One is related to the transport of cytosine. All natural nucleobases and their fluorinated analogs are hydrophilic and diffuse through the plasma membrane only very slowly. Their efficient permeation is dependent on special transport proteins. Fluorocytosine is taken up in E.coli by a cytosine specific permease encoded by codB. The crucial role of an active cytosine transport system in determining fluorocytosine sensitivity in this bacteria was demonstrated with mutants deleted for the codb gene. The normal situation appears to be the opposite in mammals. Although mammalian cells possess a uracil transport system, cytosine is not actively transported in various cell lines or in human erythrocytes, where entry seems to be entirely by passive diffusion Plagemann et al., Biochim Biophys Acta 947, 405-43 (1988)!.
The other mechanism is based on the existence and relative importance of anabolic and catabolic pathways that modulate fluorouracil concentration. In microorganisms, endogeneous uracil is directly converted to UMP by uracil phosphoribosyltransferase (UPRTase) and may also be converted to UMP and dUMP through the concerted action of uridine phosphorylase and uridine kinase Munch-Petersen A. & Mygind B. In. Metabolism of nucleotides, nucleosides and nucleobases in microorganisms (1983)!.
However, this two-step route operates only if either of the substrates for uridine phosphorylase, i.e. ribose-1-phosphate or desoxyribose 1-phosphate, and uracil are present at high intracellular concentrations. In animal cells, uracil and fluorouracil are metabolized in two steps to UMP and F-UMP via the uridine intermediate Mulkins M. A. & Heidelberger C. Cancer Res 42, 965-73 (1982); Schwartz et al., Biochem Pharmacol 34, 3585-9 (1985)! in absence of uridine phosphoribosyl transferase activity Kornberg A. & Baker T. In DNA replication Freeman, W. M. and Company, New York, 53-100 (1992)!. In addition, a proportion of uracil and fluorouracil are catabolized to the atoxic dihydrouracil and dihydrofluorouracil respectively.
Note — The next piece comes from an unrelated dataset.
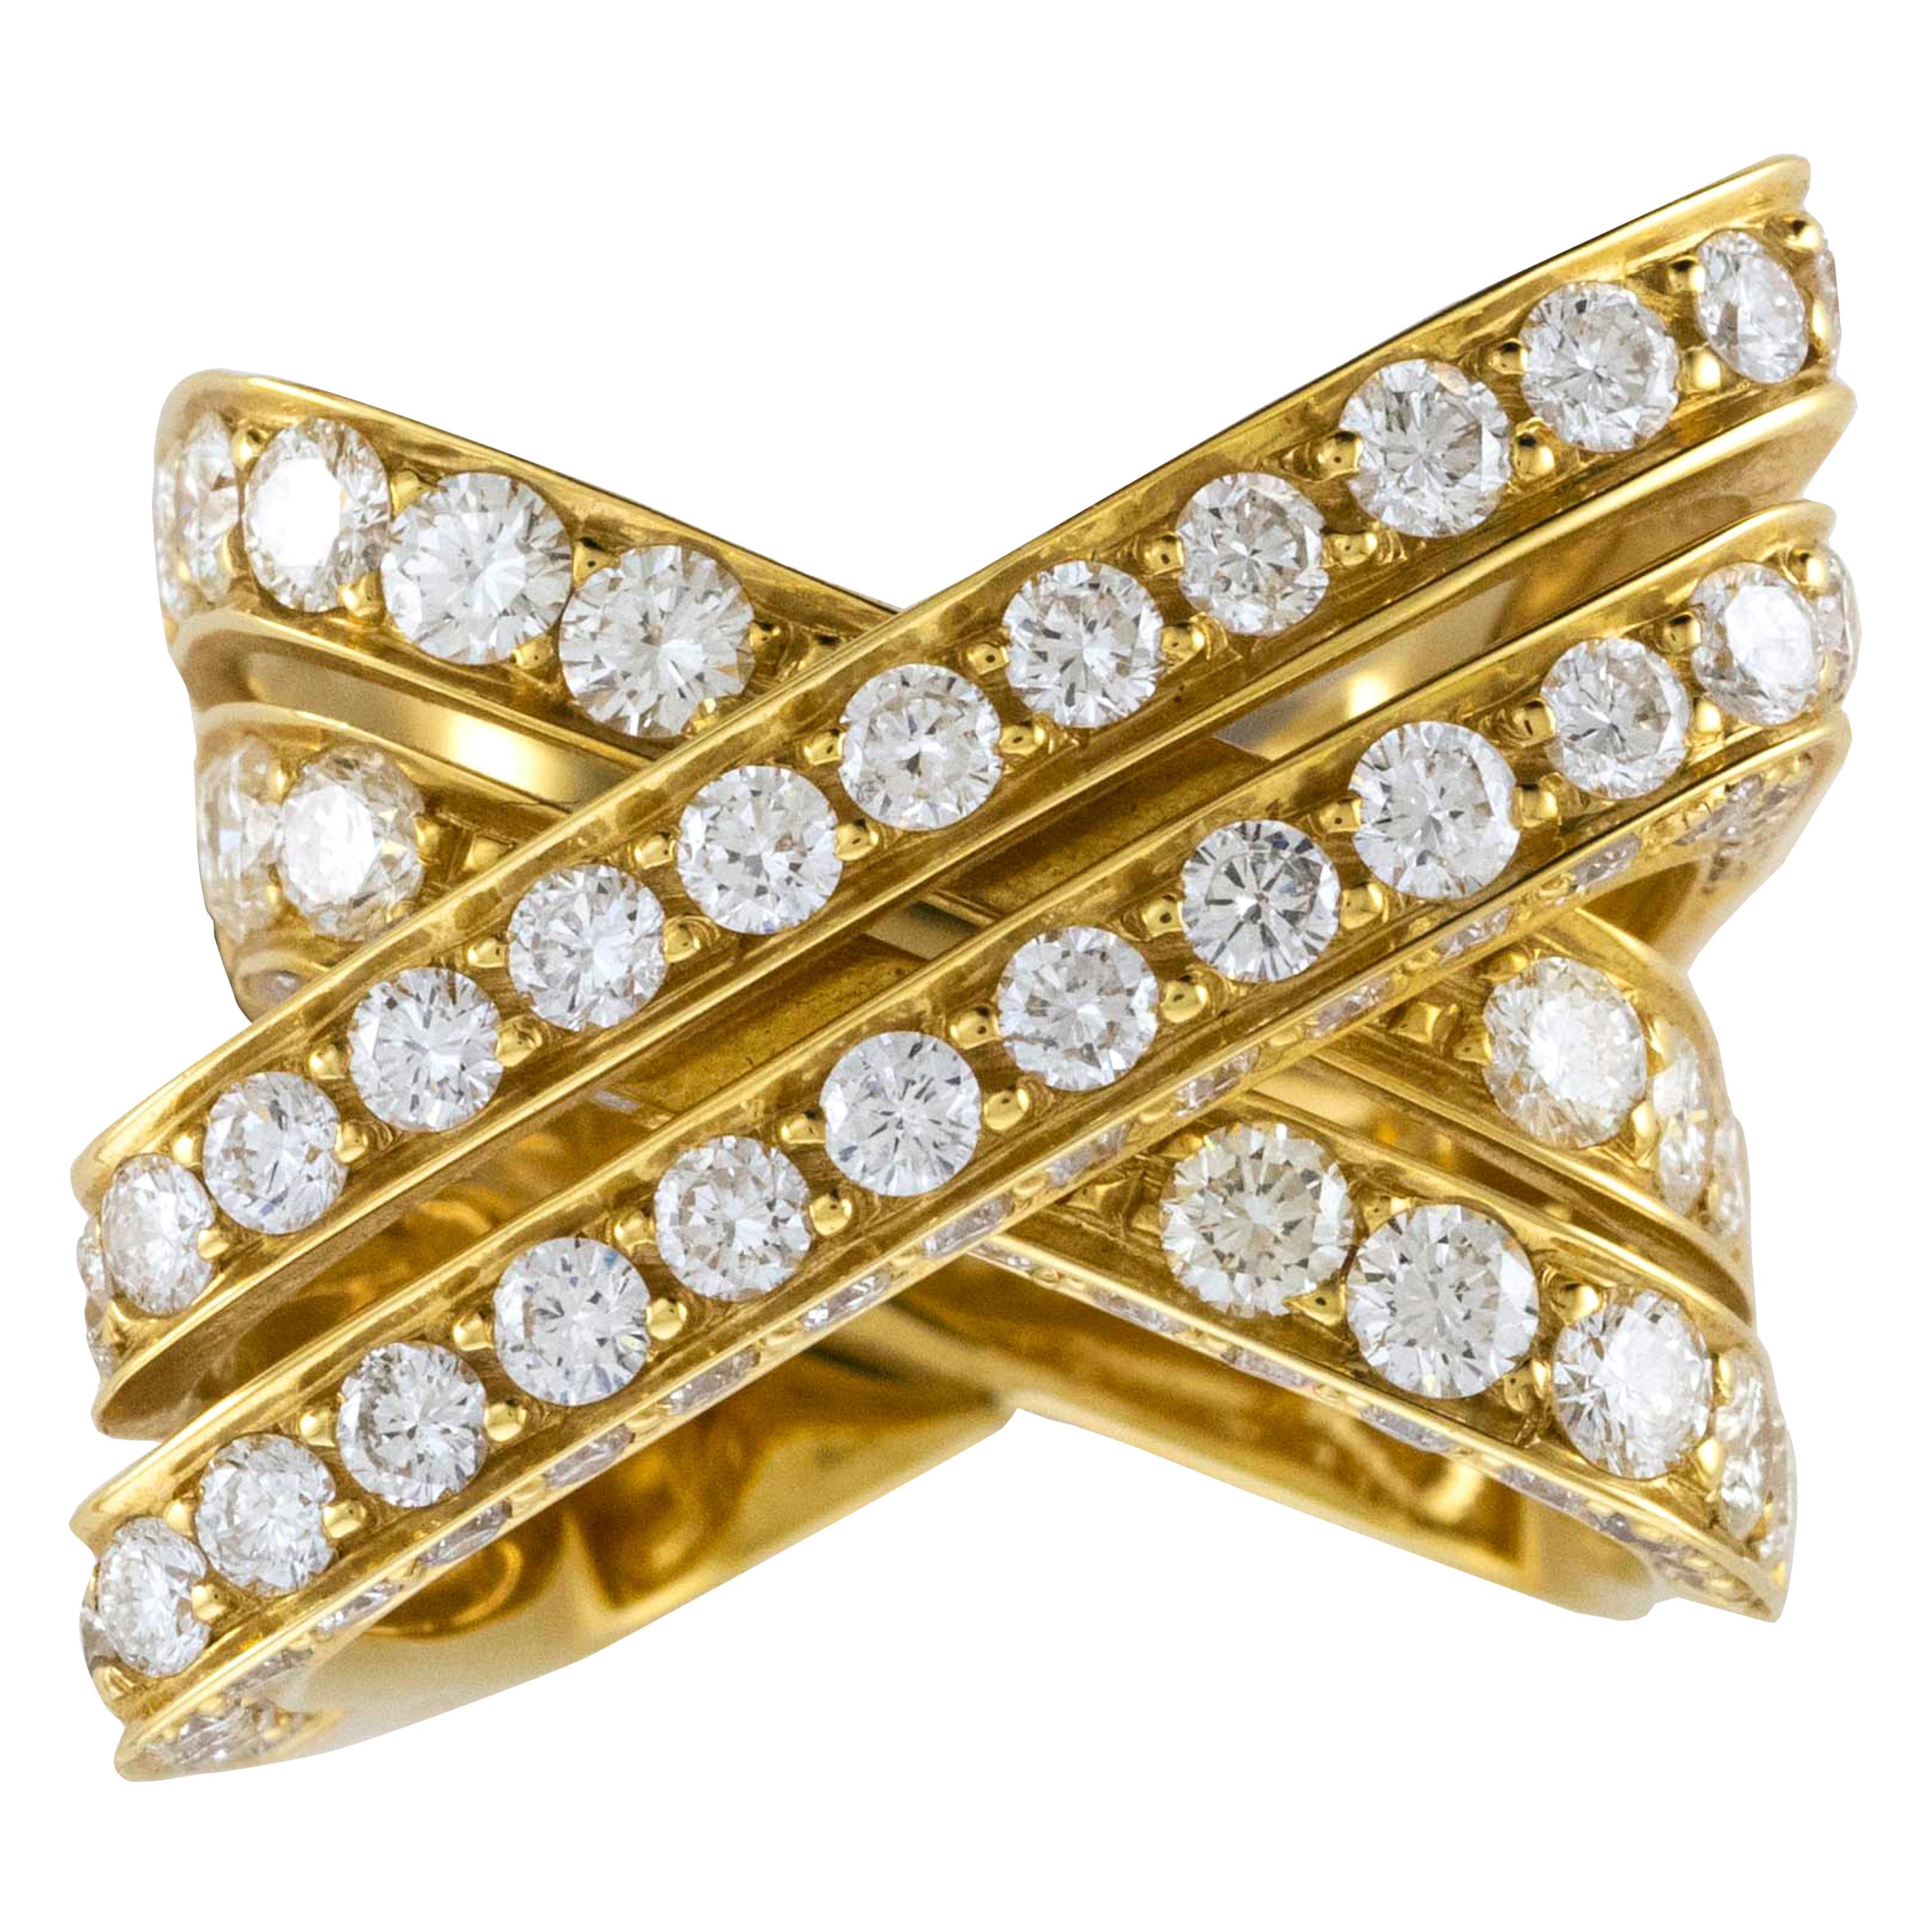 Solid 18 Kt yellow gold cocktail ring weighing gr.19.70.
A very fine knot shaped braid embellished with diamonds weighing in total ct 3.89.
Made in Italy.
Size 7. Not sizable.
Accompanied by appraisal document.

Therefore, the toxicity of FC on cells expressing an introduced cytosine deaminase gene depends on the amount of the formed FU which is converted to 5-fluoro-UMP and, through the de novo pyrimidine pathway, to 5-fluoro-dUMP, an irreversible inhibitor of thymidylate synthase and hence of DNA synthesis by deprivation of dTTP Kornberg A. & Baker T. In DNA replication Freeman, W. M. and Company, New York, 53-100 (1992)!.
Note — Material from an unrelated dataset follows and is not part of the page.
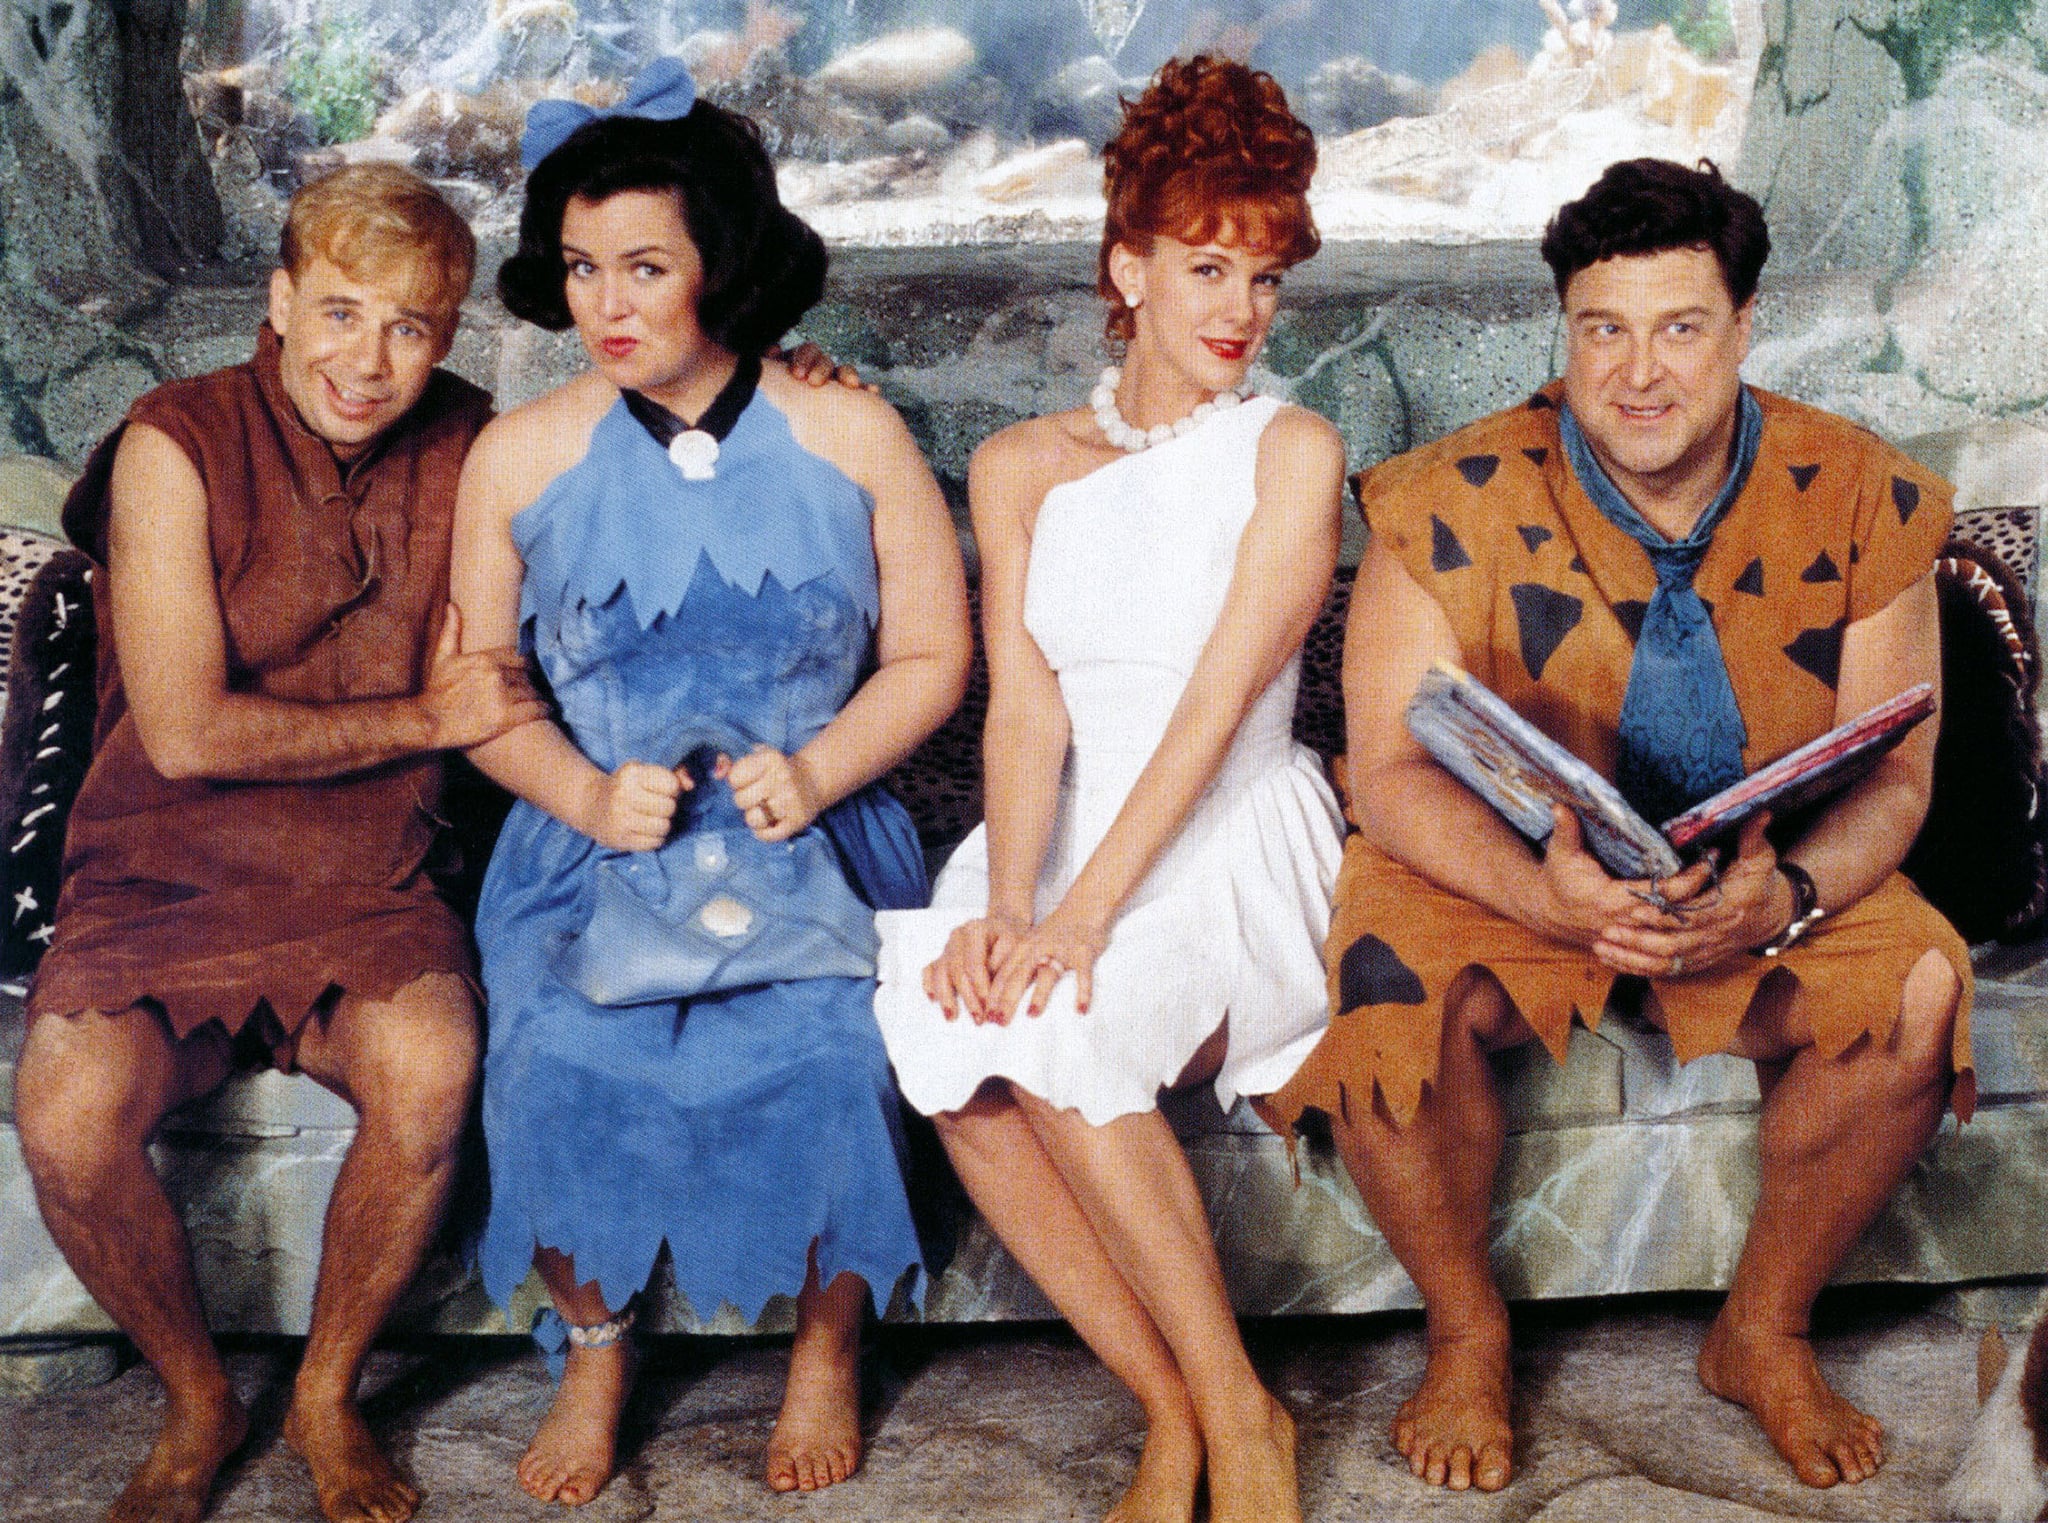 The Flintstones Is Coming to Netflix in April, and We're Feeling Crazy...

Another drug whose operation concerns the pyrimidine metabolic pathway, is Azidothymidine, for the treatment of human immuno deficiency virus (HIV)infection.
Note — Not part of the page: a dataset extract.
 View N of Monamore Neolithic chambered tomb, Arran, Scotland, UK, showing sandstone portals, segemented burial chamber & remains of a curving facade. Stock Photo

AZT is one of the primary chemotherapeutic agents used in the treatement of HIV infection. AZT readily enters cells and is converted to the nucleoside phosphates AZT-MP, AZT-DP and AZT-TP by the sequential action of thymidine kinase, thymidylate kinase and nucleoside diphosphokinase. AZT is rapidly converted to AZT-MP by thymidine kinase but the resulting AZT-MP accumulates since it is a very poor substrate for human thymidylate kinase. The concentration of AZT-MP is typically &gt;50 fold higher than that of AZT-TP in human cell lines Furman et al. Proc Natl Acad Sci USA 83, 8333-7 (1986)!. Although AZT-TP is an inefficient substrate for cellular DNA polymerases, AZT-MP is incorporated into DNA Copeland, J Biol Chem 267,21459-64 (1992)!.